Definition list nested with anything (;#foo:bar) is unpredictable
Closed, ResolvedPublic

Description

Author: bugs

Description:
Consider the parsing of these snippets:

//#1
;#term
:def1
:def2

// #2
;#term:def1
:def2

//#3
;#term
:#def1
:#def2

//#4
;#term:def1
:#def2

//#5
;term
:#def1
:#def2

Now, obviously it's far from clear what the semantics are or ought to be, but these aspects of behaviour are weird:

  • In snippets #3 and #5, the definitions are rendered like the term itself.
  • Snippets #1 and #2 render very differently although they should be equivalent.
  • Snippet #4 is perhaps the most likely thing you'd actually want (one term with multiple definitions), but requires the most tortured syntax.
  • #4 and #5 seem very similar but produce very output with different indenting and bolding.
  • It's quite unfortunate that ";foo:bar" is supposed to act like ";foo<newline>:bar", but no attempt is made to render list elements like ";foo:#bar".

Most of this weirdness seems to be caused by the parser line around "if ($this->findColonNoLinks($t, $term, $t2) !== false)" which treats the part of the line after : as if it was actually a line starting with ;.

Possible resolutions:

  • Don't allow any nesting of list items after ";". Treat ;#term as defining the literal string "#term". #; is fine for an ordered list of definitions.
  • Make #5 above the canonical way to express a term with a list of definitions, but make it render as #4 above.
  • Longer term, totally scrap the ";definition:term" (without newline) syntax. It's not of enormous benefit, makes the parsing more complex, and causes all this weird behaviour.

Version: 1.9.x
Severity: minor

Details

Reference
bz11894

Event Timeline

bzimport raised the priority of this task from to Low.Nov 21 2014, 9:54 PM
bzimport added a project: MediaWiki-Parser.
bzimport set Reference to bz11894.
bzimport added a subscriber: Unknown Object (MLST).

This is resolved in Parsoid by making the single-line ; foo : bar pair a tightly-bound unit.

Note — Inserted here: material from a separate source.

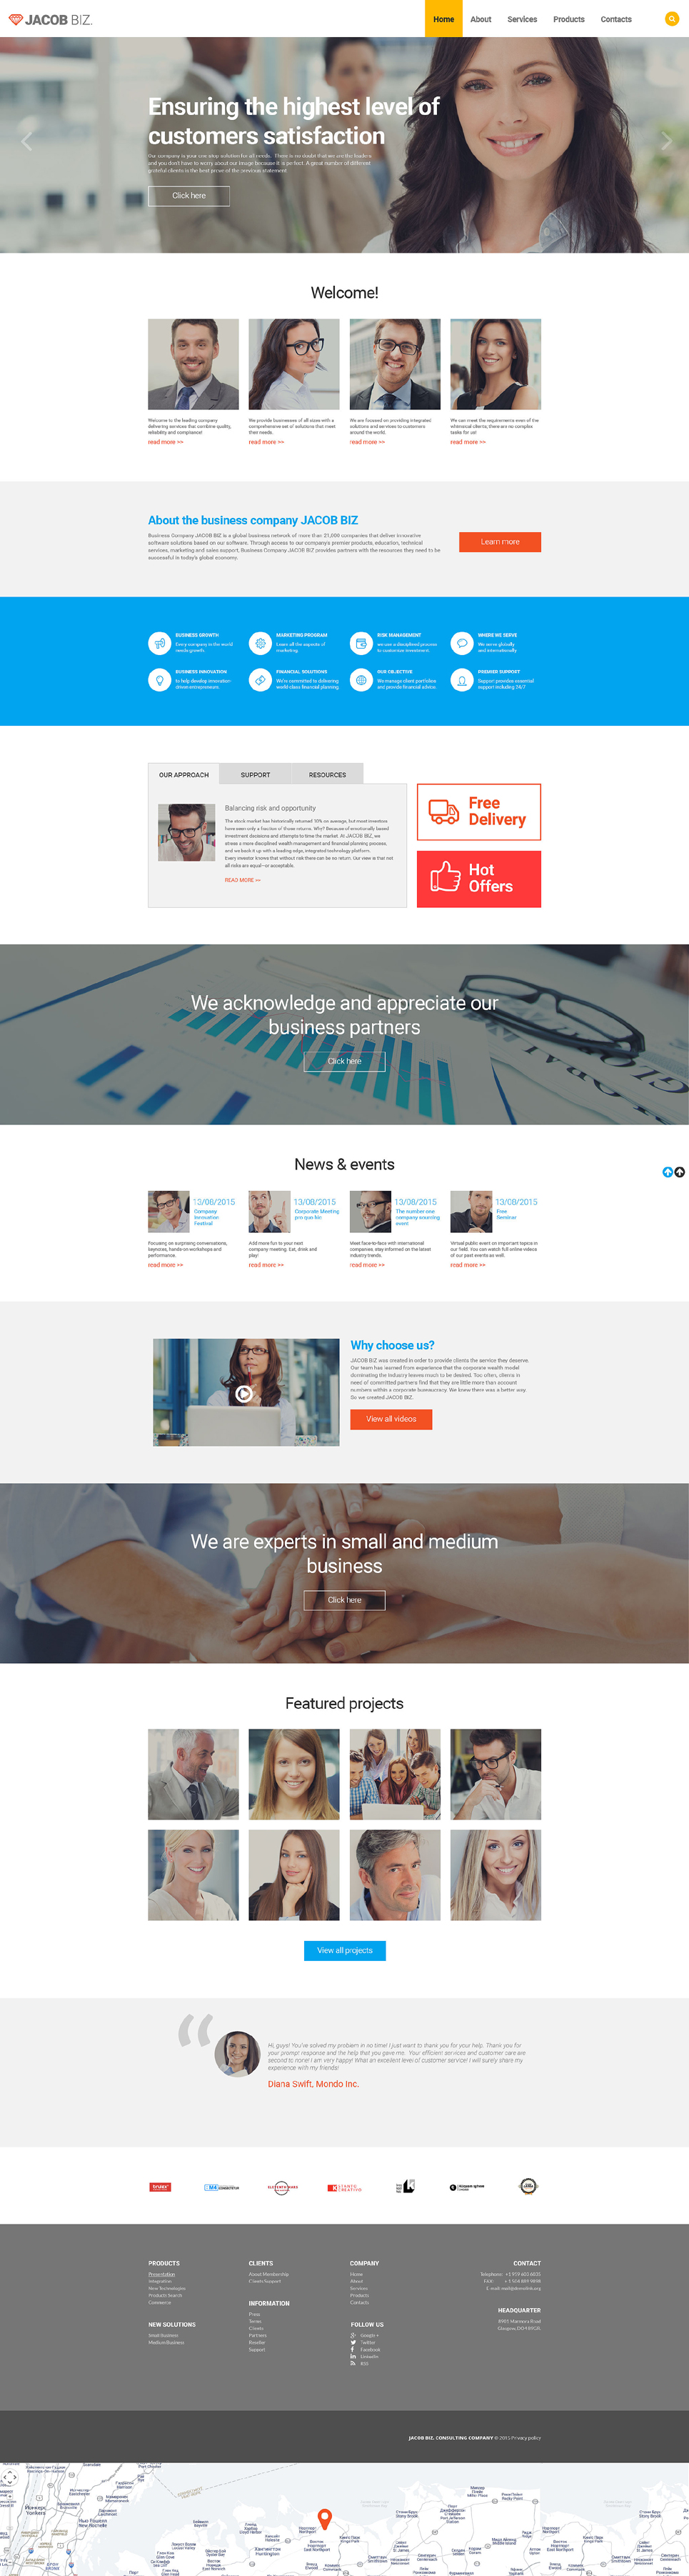 Business Responsive Website Template New Screenshots BIG
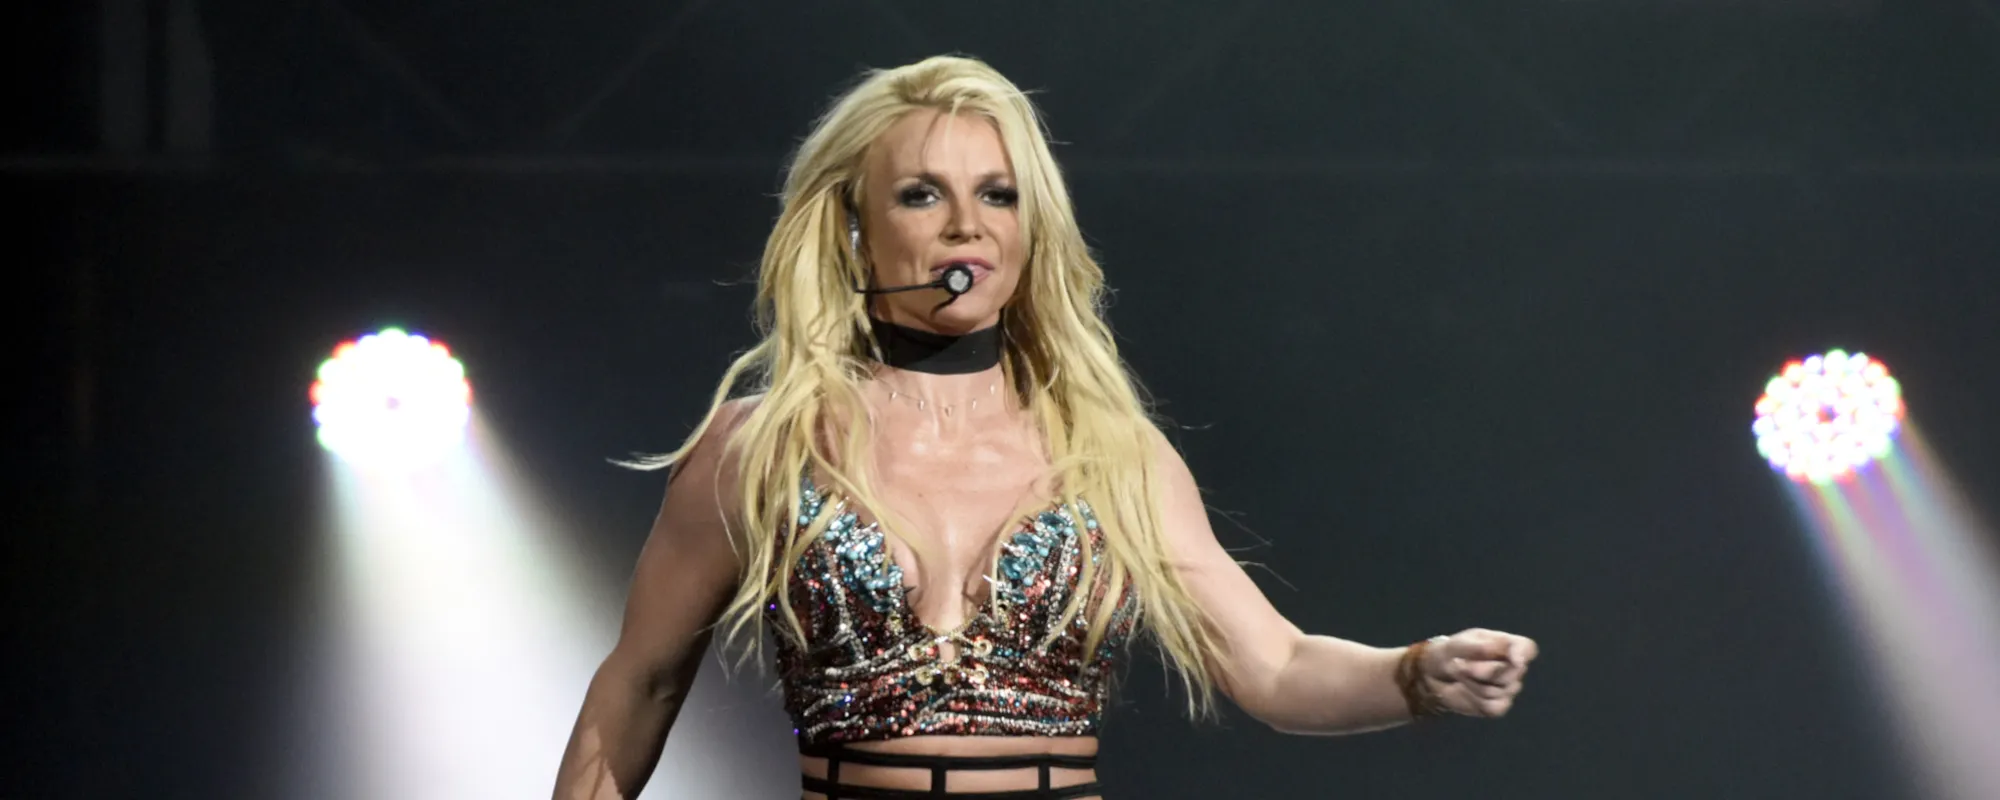 Britney Spears Thanks Lady Gaga, Chides Christina Aguilera for “Refusing to Speak” on Conservatorship

See bug #6569 for more information about the reasoning.

So

*#; foo : bar

is treated as equivalent to

*#; foo
*#: bar

Extra ':' in the dd part are recognized as plain text in Parsoid.

We added tests documenting this behavior to parserTests.txt, but are marked the differing ones as disabled for the PHP parser until that becomes compatible.

  • This bug has been marked as a duplicate of bug 6569 ***